Patients receiving selonsertib demonstrated improvements in several measures of liver disease severity, including fibrosis stage, progression to cirrhosis, liver stiffness (measured by magnetic resonance elastography, MRE) and liver fat content (measured by magnetic resonance imaging (MRI)-proton density fat fraction, PDFF). Data for these efficacy endpoints are summarized in the table below. As no differences were observed between combination and monotherapy, results are presented for selonsertib (18 mg and 6 mg) with/without SIM and for SIM alone. Additionally, patients with fibrosis improvement demonstrated reductions in hepatic collagen content, liver biochemistry (e.g., serum ALT) and the apoptosis marker, cytokeratin-18, supporting the biological activity of selonsertib.
|Endpoint (Week 24)||
18 mg ± SIM
|Fibrosis Improvement ≥1 Stage from Baseline*||43% (n=13/30)||30% (n=8/27)||20% (n=2/10)|
|Progression to Cirrhosis||3% (n=1/30)||7% (n=2/27)||20% (n=2/10)|
|≥15% Reduction in Liver Stiffness by MRE||20% (n=5/25)||32% (n=7/22)||0% (n=0/7)|
|≥30% Reduction in Liver Fat by MRI-PDFF||26% (n=8/31)||13% (n=3/24)||10% (n=1/10)|
*Fibrosis staged according to the NASH Clinical Research Network (CRN) classification by a central pathologist blinded to treatment group.
Selonsertib demonstrated no dose-related increases in treatment-emergent adverse events or serious adverse events. Headache, nausea and sinusitis were the most common adverse events in patients receiving selonsertib.
“Currently, no approved treatments exists for NASH, and patients with advanced fibrosis would potentially benefit from new options to halt and/or reverse the progression of their disease,” said Rohit Loomba, MD, MHSc, lead study author and Director, NAFLD Research Center, Director of Hepatology, Professor of Medicine, Vice Chief, Division of Gastroenterology, University of California San Diego School of Medicine. “After only 24 weeks of therapy, selonsertib exhibited promising anti-fibrotic activity in this study, which was the first known multi-center NASH clinical trial to use centrally-assessed MRE, MRI-PDFF, in addition to liver biopsy as endpoints. Based on these data, selonsertib represents an important investigational drug candidate for further clinical trials in patients with NASH and significant fibrosis.”
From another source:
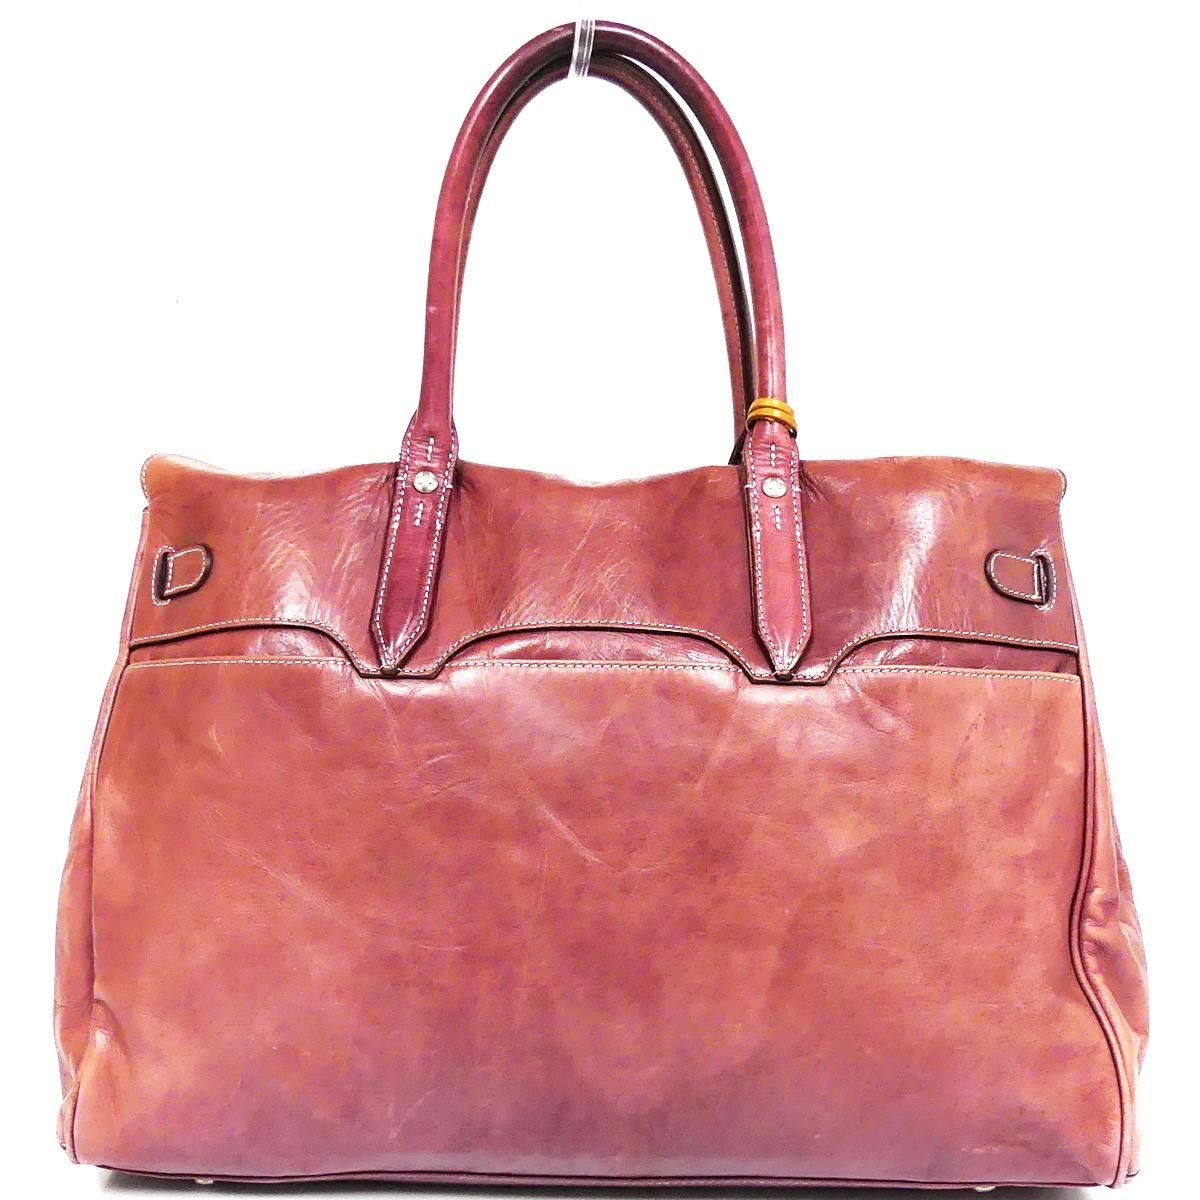 即決★aniary★レザーハンドバッグ アニアリ メンズ 赤 紫 本革 トートバッグ 本皮 かばん 鞄 レディース 手提げバッグ_画像3

Other Gilead NASH data being presented at The Liver Meeting include results from Phase 1 studies evaluating the investigational selective, non-steroidal Farnesoid X receptor (FXR) agonist GS-9674. Data from a Phase 1 study demonstrated the biological activity and safety profile of GS-9674 in healthy volunteers and support the evaluation of this compound in patients with NASH and cholestatic liver disorders (#1077 and #1140). Phase 2 studies with GS-9674 are ongoing in patients with NASH, primary biliary cholangitis (PBC) and primary sclerosing cholangitis (PSC).
Additionally, preclinical data for the combination of selonsertib and GS-9674 in a rodent model of advanced fibrosis suggested that the combination of selonsertib and GS-9674 resulted in greater anti-fibrotic activity than either agent alone (#1588). These preclinical data support clinical evaluation of combination approaches with selonsertib and GS-9674 in patients with NASH and advanced fibrosis.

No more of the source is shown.